Background: Cervical lordosis has been shown to be an important outcome of care; however, few conservative methods of rehabilitating sagittal cervical alignment have been reported.
Objective: To study whether a seated, retracted, extended, and compressed position would cause tension in the anterior cervical ligament, anterior disk, and muscle structures, and thereby restore cervical lordosis or increase the curvature in patients with loss of the cervical lordosis.
Study design: Nonrandomized, prospective, clinical control trial.
Methods: Thirty preselected patients, after diagnostic screening for tolerance to cervical extension with compression, were treated for the first 3 weeks of care using cervical manipulation and a new type of cervical extension-compression traction (vertical weight applied to the subject's forehead in the sitting position with a transverse load at the area of kyphosis). Pretreatment and posttreatment Visual Analogue Scale (VAS) pain ratings were compared along with pretreatment and posttreatment lateral cervical radiographs analyzed with the posterior tangent method for changes in alignment. Results are compared to a control group of 33 subjects receiving no treatment and matched for age, sex, weight, height, and pain.

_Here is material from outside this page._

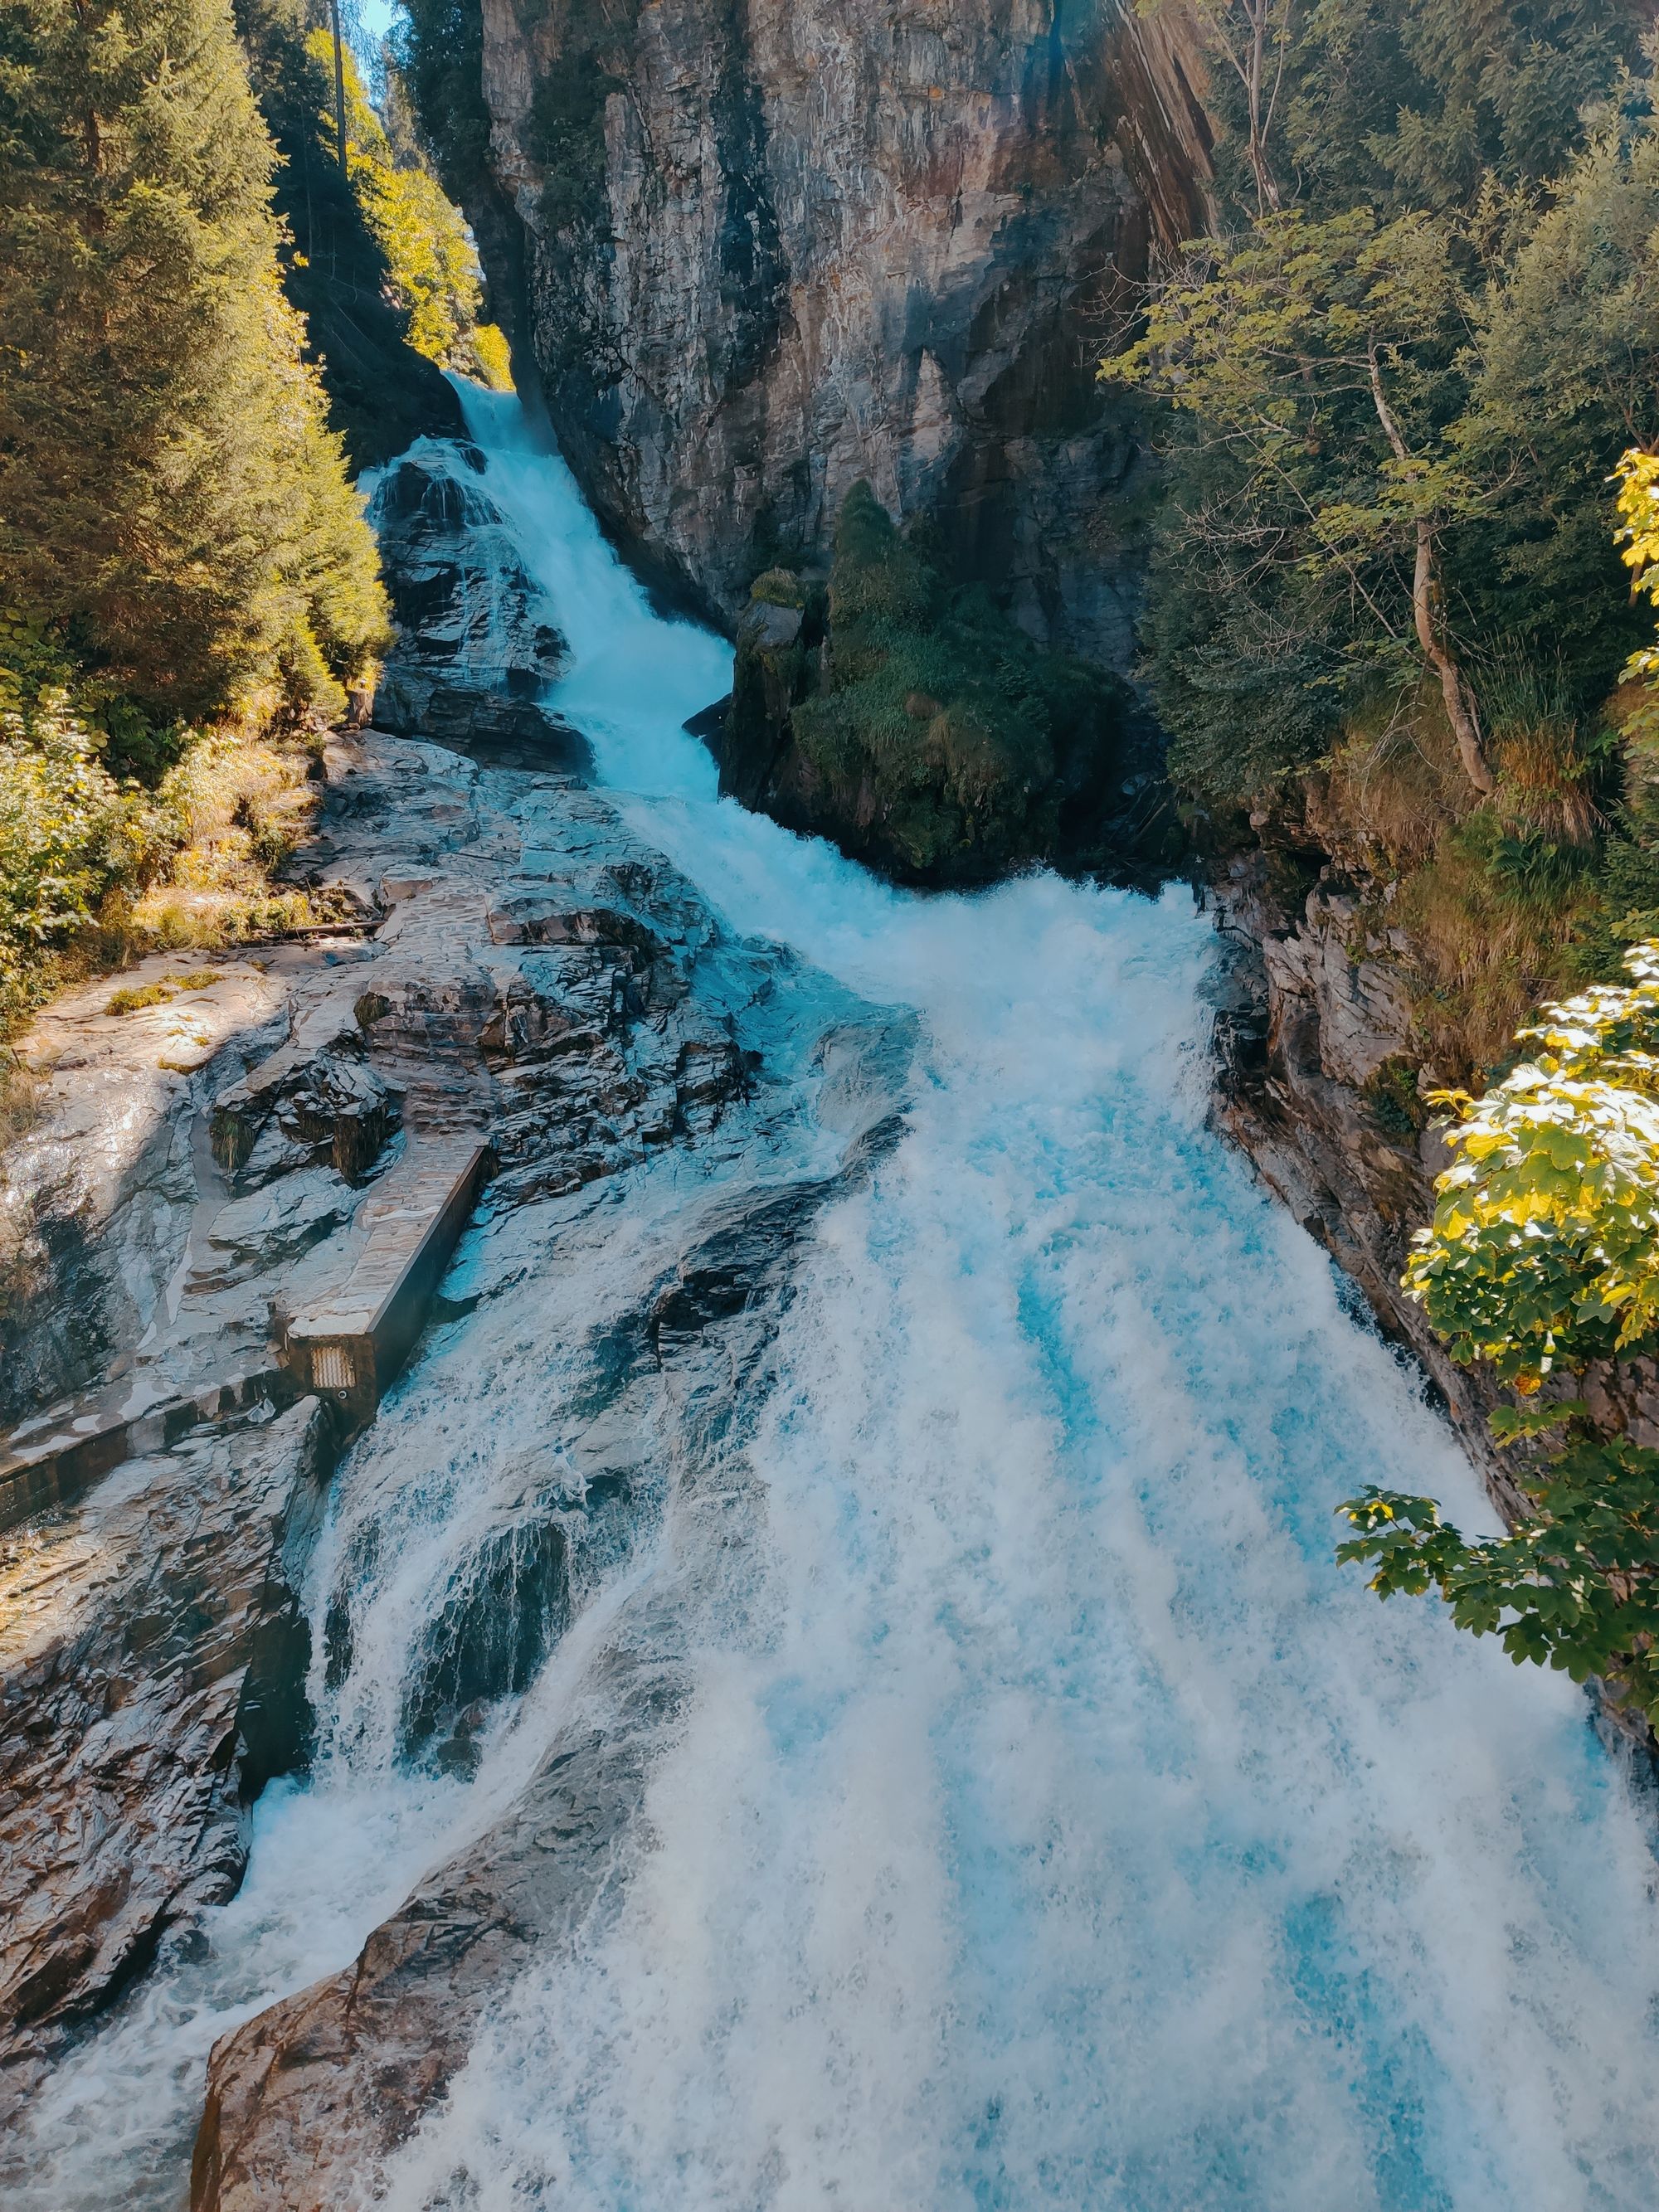 Rrwące wody wodospadu w Bad Gastein przy szlaku Alpe Adria

Results: Control subjects reported no change in VAS pain ratings and had no statistical significant change in segmental or global cervical alignment on comparative lateral cervical radiographs (difference in all angle mean values < 1.3 degrees ) repeated an average of 8.5 months later. For the traction group, VAS ratings were 4.1 pretreatment and 1.1 posttreatment. On comparative lateral cervical radiographs repeated after an average of 38 visits over 14.6 weeks, 10 angles and 2 distances showed statistically significant improvements, including anterior head weight bearing (mean improvement of 11 mm), Cobb angle at C2-C7 (mean improvement of -13.6 degrees ), and the angle of intersection of the posterior tangents at C2-C7 (mean improvement of 17.9 degrees ). Twenty-one (70%) of the treatment group subjects were followed for an additional 14 months; improvements in cervical lordosis and anterior weight bearing were maintained.
Conclusions: Chiropractic biophysics (CBP) technique's extension-compression 2-way cervical traction combined with spinal manipulation decreased chronic neck pain intensity and improved cervical lordosis in 38 visits over 14.6 weeks, as indicated by increases in segmental and global cervical alignment. Anterior head weight-bearing was reduced by 11 mm; Cobb angles averaged an increase of 13 degrees to 14 degrees; and the angle of intersection of posterior tangents on C2 and C7 averaged 17.9 degrees of improvement.